Reproduce the listing in full, pictures excluded.

Provided data START

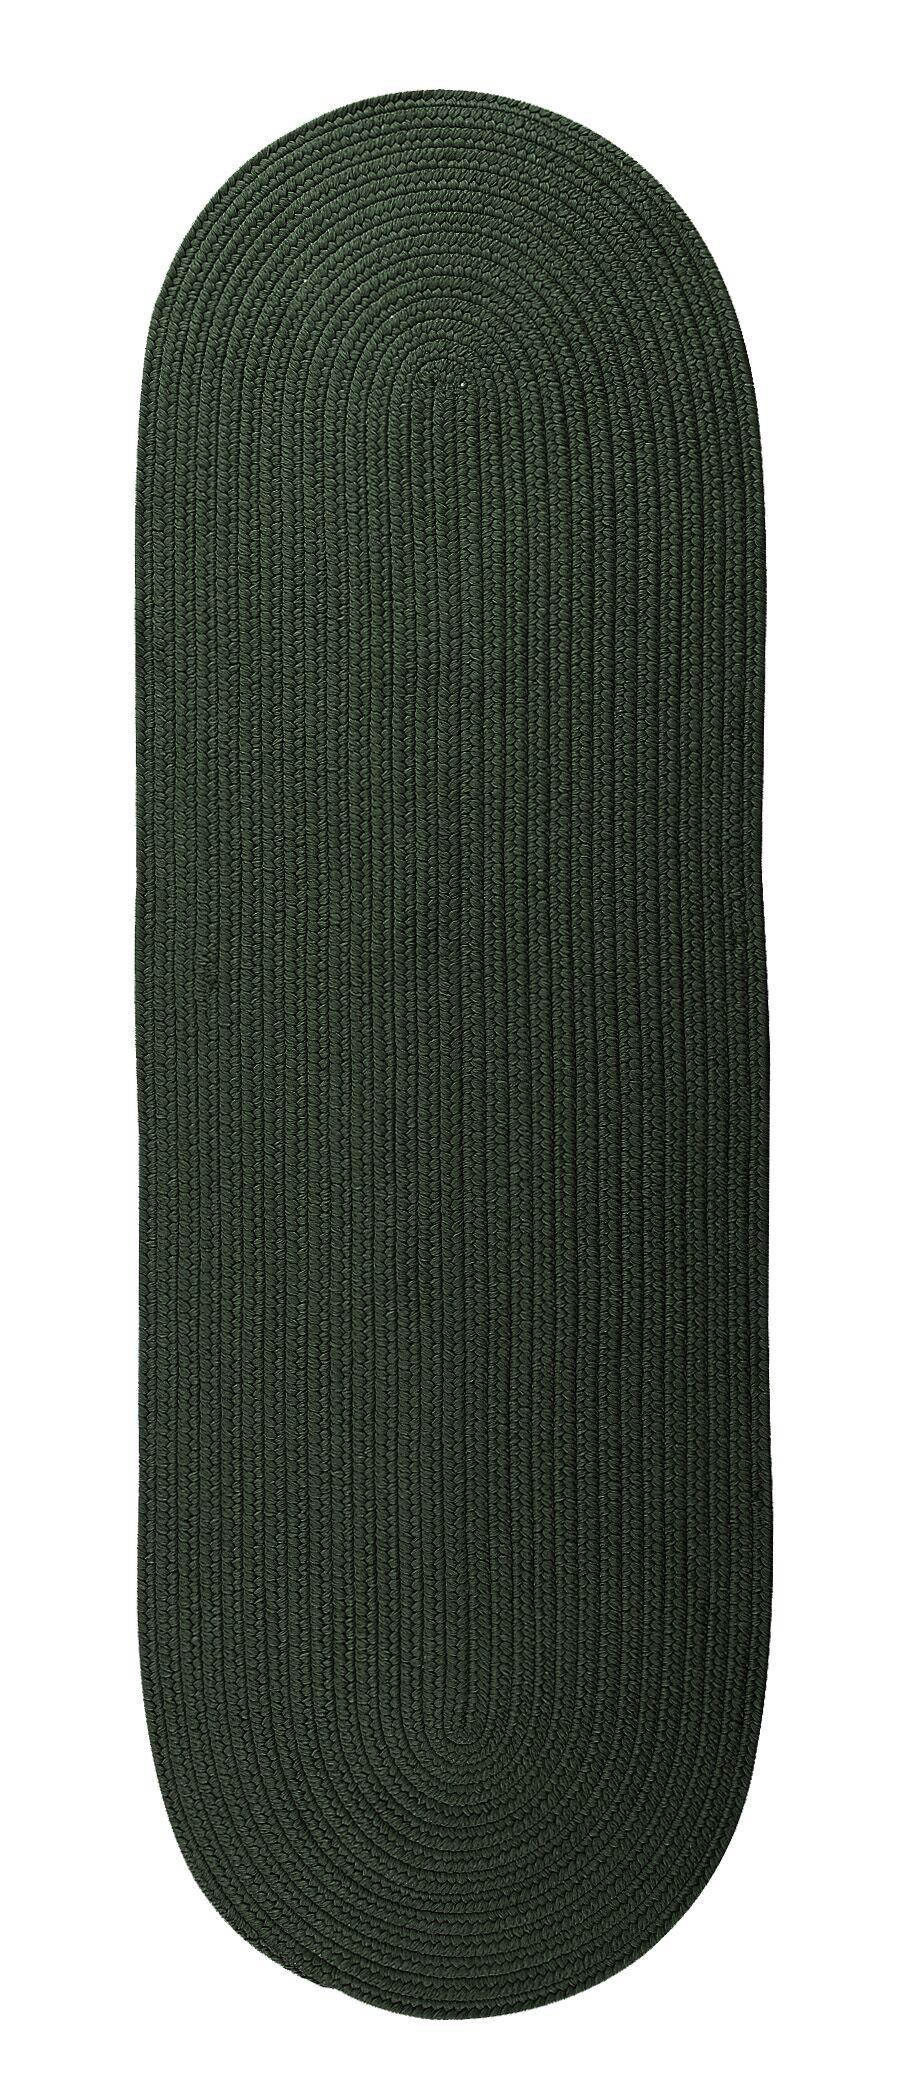 Mcintyre Dark Green Outdoor Area Rug Rug Size: Oval Runner 2' x 6'
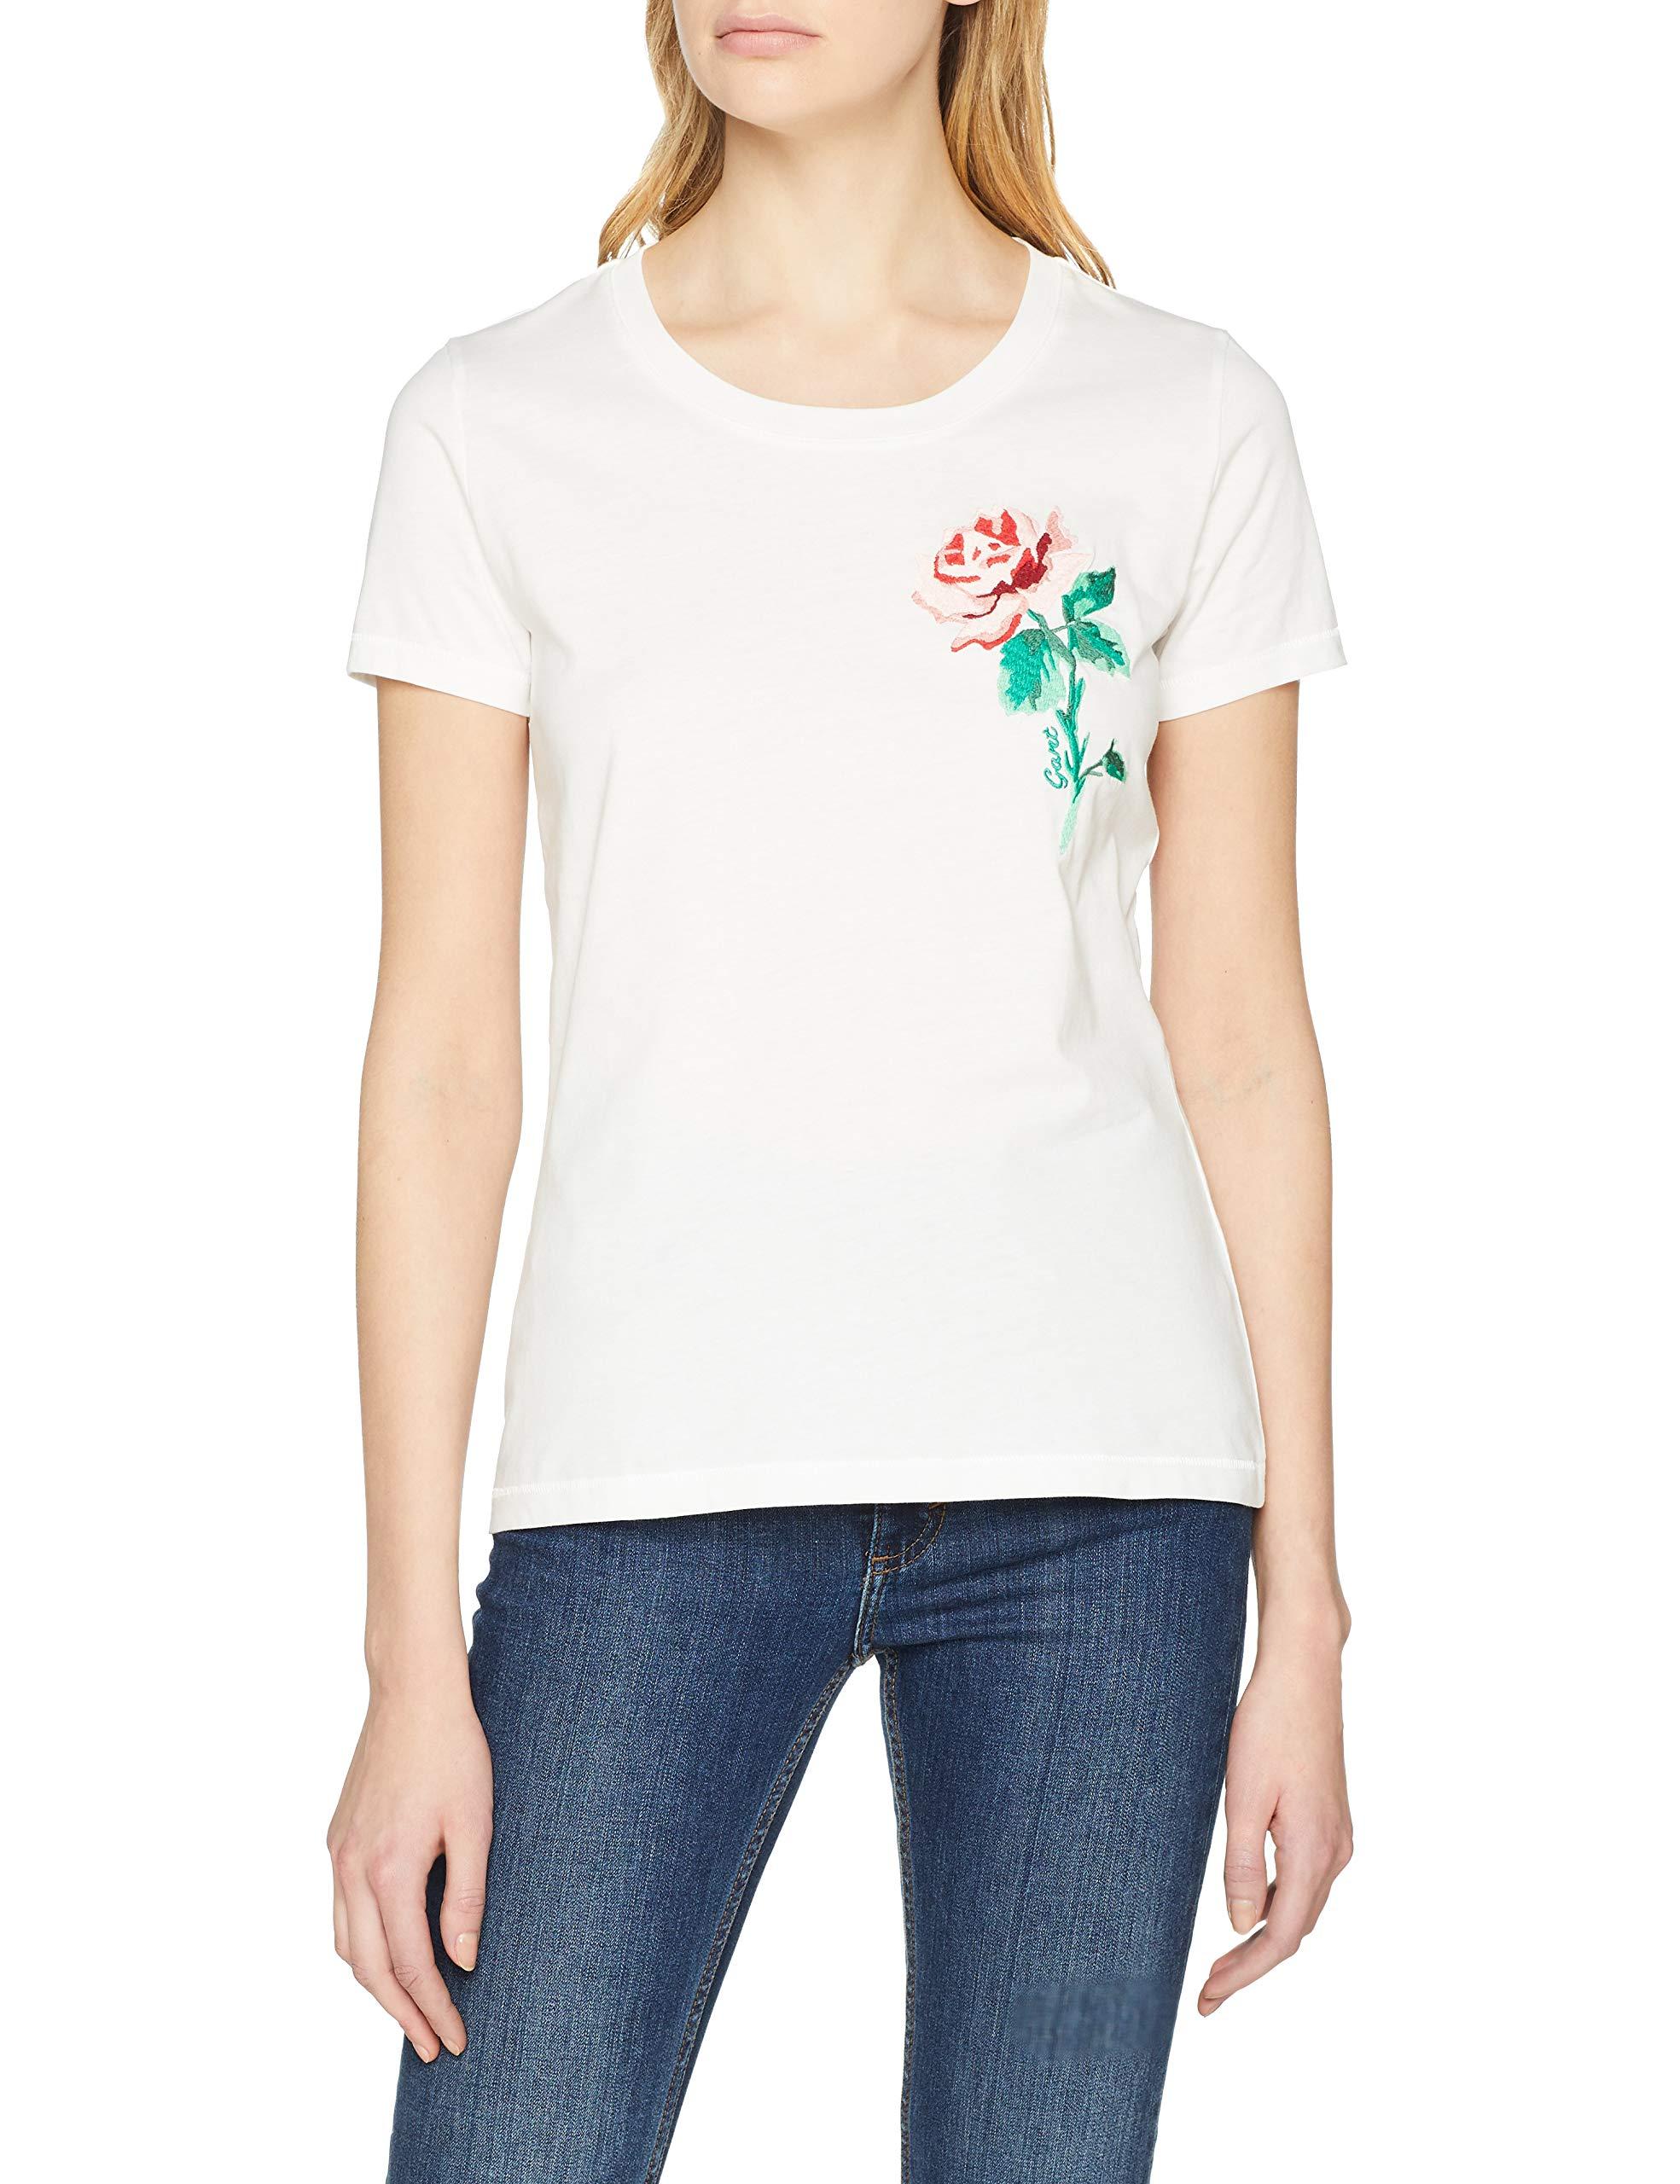 T shirt Gant Femme C 113Medium O1Rose neck TBeigeeggshell Ss fv7mIYb6gy
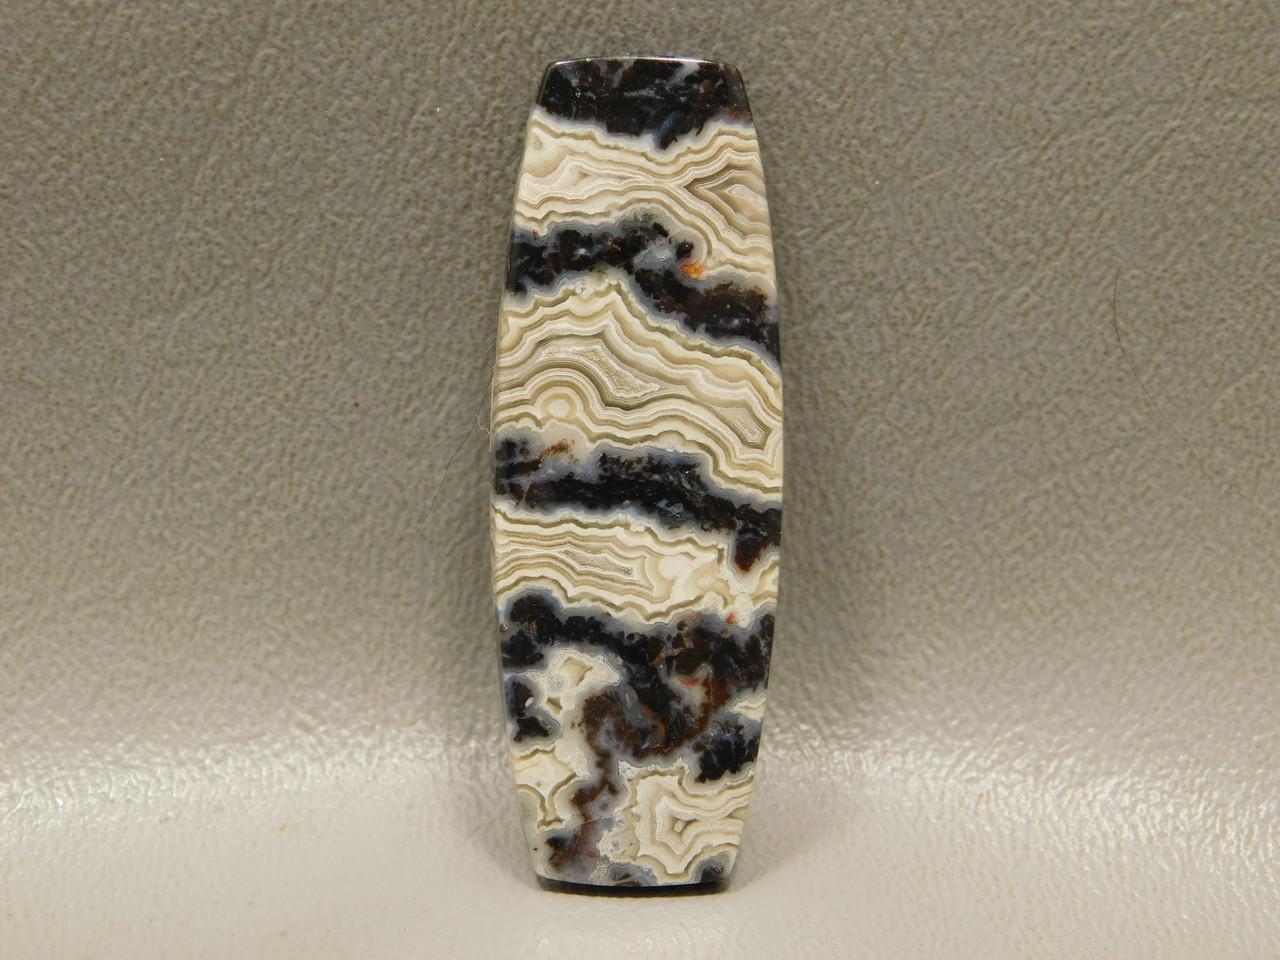 Black and White Crazy Lace Agate Designer Gemstone Cabochon #6

Provided data END

Written response:
 Mcintyre Dark Green Outdoor Area Rug Rug Size: Oval Runner 2' x 6'
 T shirt Gant Femme C 113Medium O1Rose neck TBeigeeggshell Ss fv7mIYb6gy
 Black and White Crazy Lace Agate Designer Gemstone Cabochon #6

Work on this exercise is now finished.